If we’re willing to concede that Santa Claus is a myth, writes Bill Risby, why do we continue to reward our children for blindly following a religion?

After reading a recent article on the struggle of “religious” children to separate facts from fiction, I felt compelled to respond.

While all children are a product of interaction and education from their parents, including the children of religious, secular and atheist parents, some parents teach their children how to think rather than what to think. History has shown that in order to perpetuate the myths and false consolations of religion, religious parents are inclined to tell their children what to think – what is “true” according to their own beliefs, backgrounds and place of birth. Many of these stories are taught as truths and some as metaphors, but all are taught as part of an unprovable world view of creation, redemption, punishment and reward.
In contrast, some children are taught to think critically – to question everything and test ideas and concepts analytically. They are taught Socratically.

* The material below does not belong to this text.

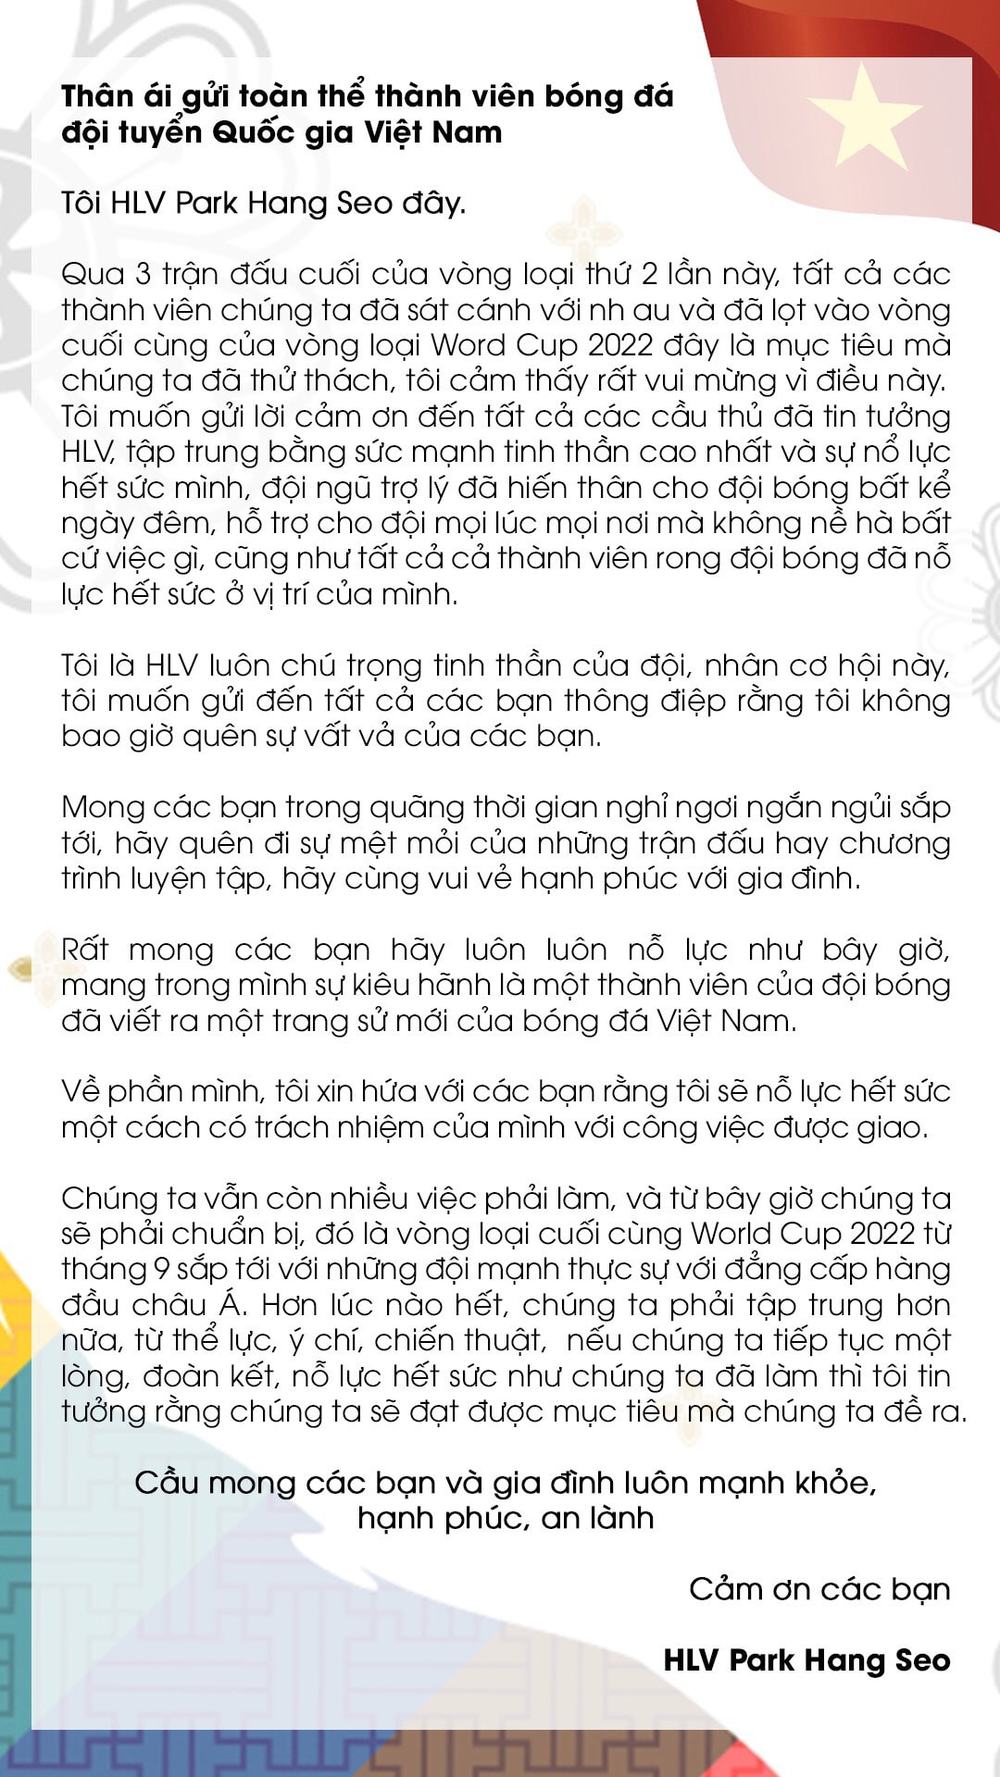 HLV Park Hang Seo gửi tâm thư đến đội tuyển Việt Nam - Ảnh 2

Their questions are answered with a question until the truth rises to the surface and becomes self evident.
Children who are told at worst, lies, and at best, history unverified by anything other than repetition by those they trust more than life itself will understandably have a problem reconciling their instinct for truth and reality with the tripe offered so carelessly by their parents and peers.

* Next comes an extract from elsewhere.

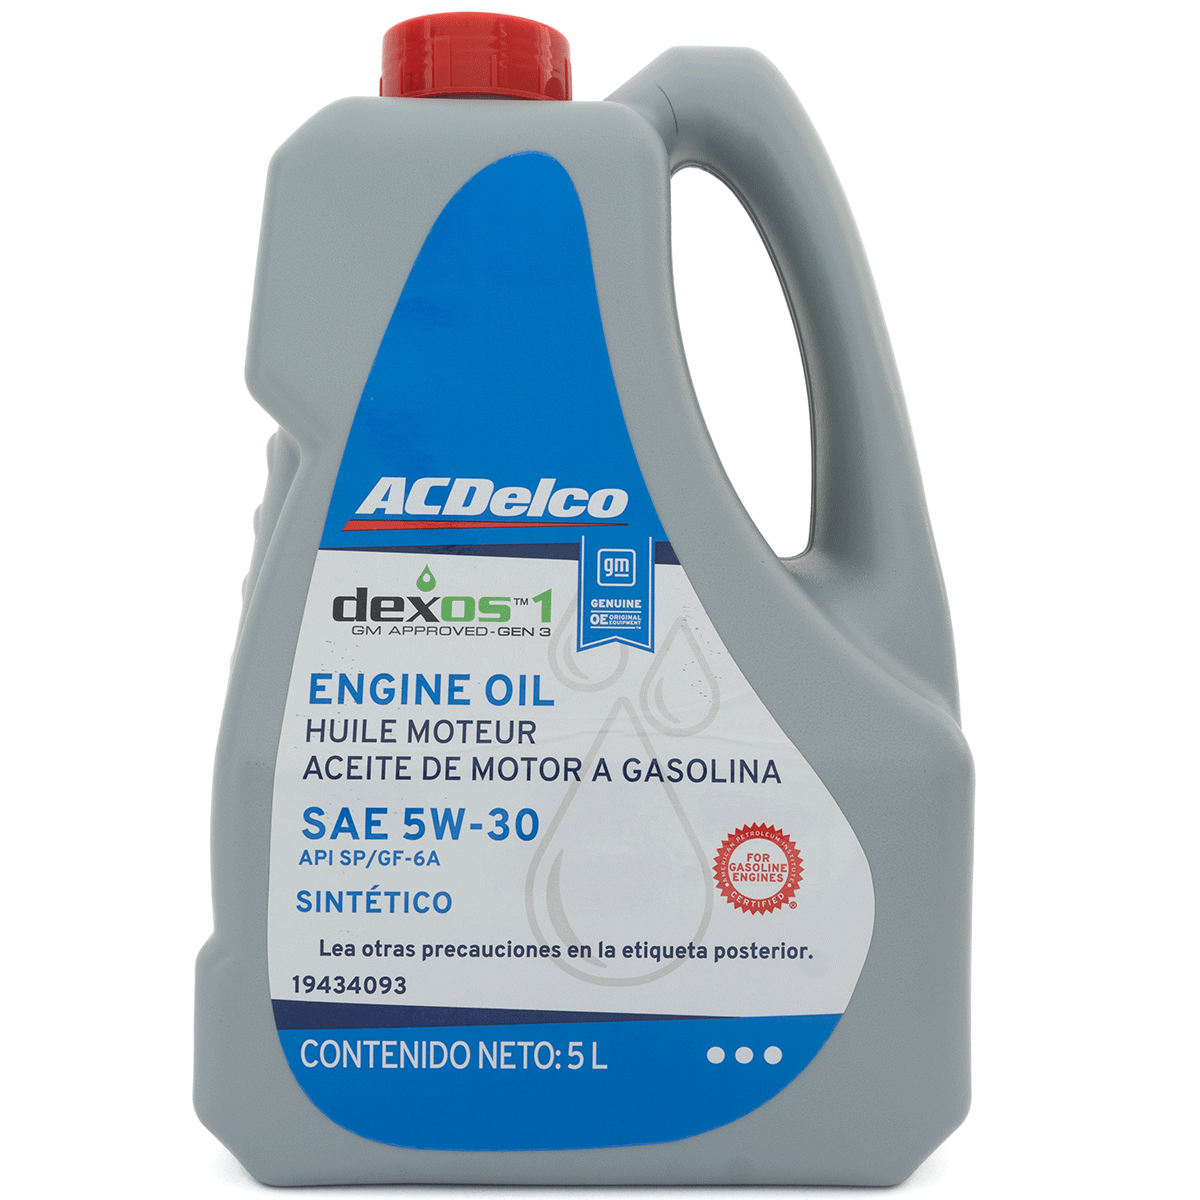 Garrafa de 5 Litros Aceite ACDelco Dexos Multigrado Sintético SAE 5W-30

Certain aspects of religion have very real similarities to the myth of Santa Claus – the only difference being that at a certain age, parents concede this particular myth. Yet they continue the idea of reward for “good behaviour” within their religion, complete with all its powers of control over their children’s minds.

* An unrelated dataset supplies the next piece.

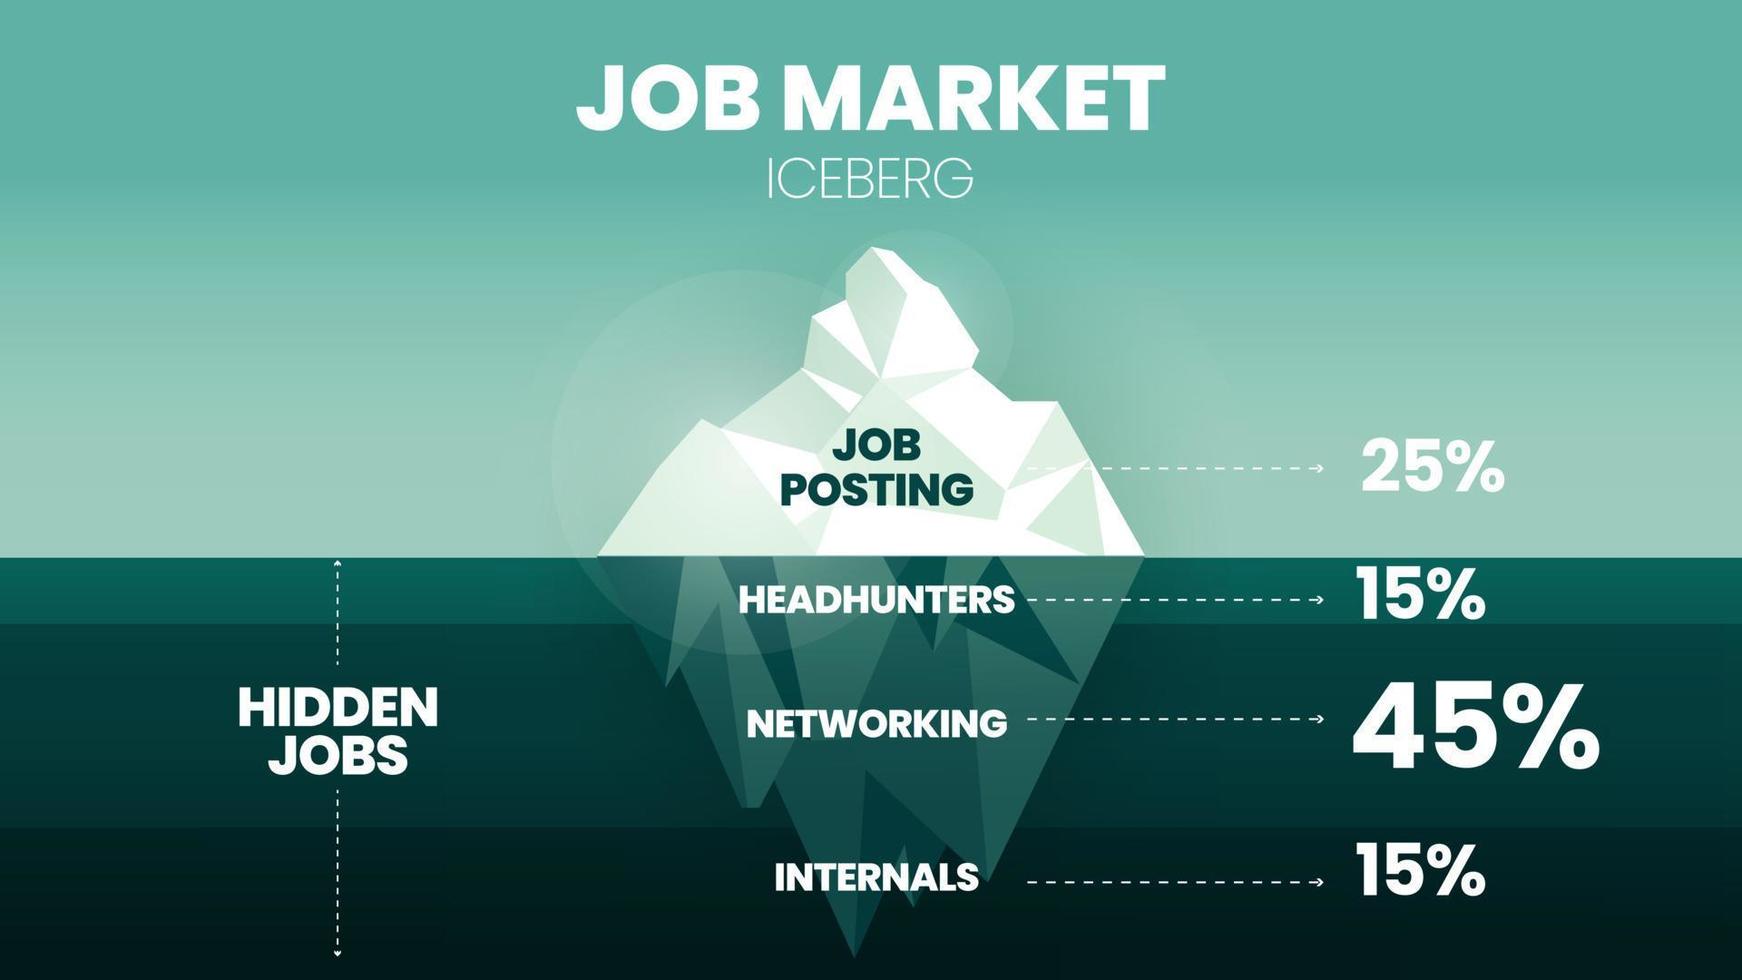 en vektor och illustration i en isbergsmodell på arbetsmarknaden har 25 procent av inlägg på spetsen, under vattnet har headhunting, nätverk och interna delar för hr kostnaden för investeringen att överväga

A parent’s intent should be noted here, as I will readily admit that many (perhaps most) parents believe their religion to be absolute truth, because it was taught to them in the very same way that they are now teaching their children. Rarely will they subject their faith to the same tests of truth and integrity that they subject almost every other aspect of their lives. Parents aren’t intentionally dishonest, they just lack critical discernment between fantasy and reality, and are breeding yet another generation of young people untethered from the truth. Their world view is unvalidated by evidence, science, experience, and their natural surroundings, so a conflict grows inside them between their real life experience and their religious indoctrination.
What is most sad here is a child’s desperate desire to want to believe what their parents teach them as truth, and consequently their child’s need to lie to themselves, despite their much better instincts. Evidence of this lasting loss of reality amongst these now grown up children can be seen in every religious country in the world.
When we are faced with the most vulnerable and precious people on this earth, and I mean literally LOOKING into their face, a betrayal of trust like this is unforgivable.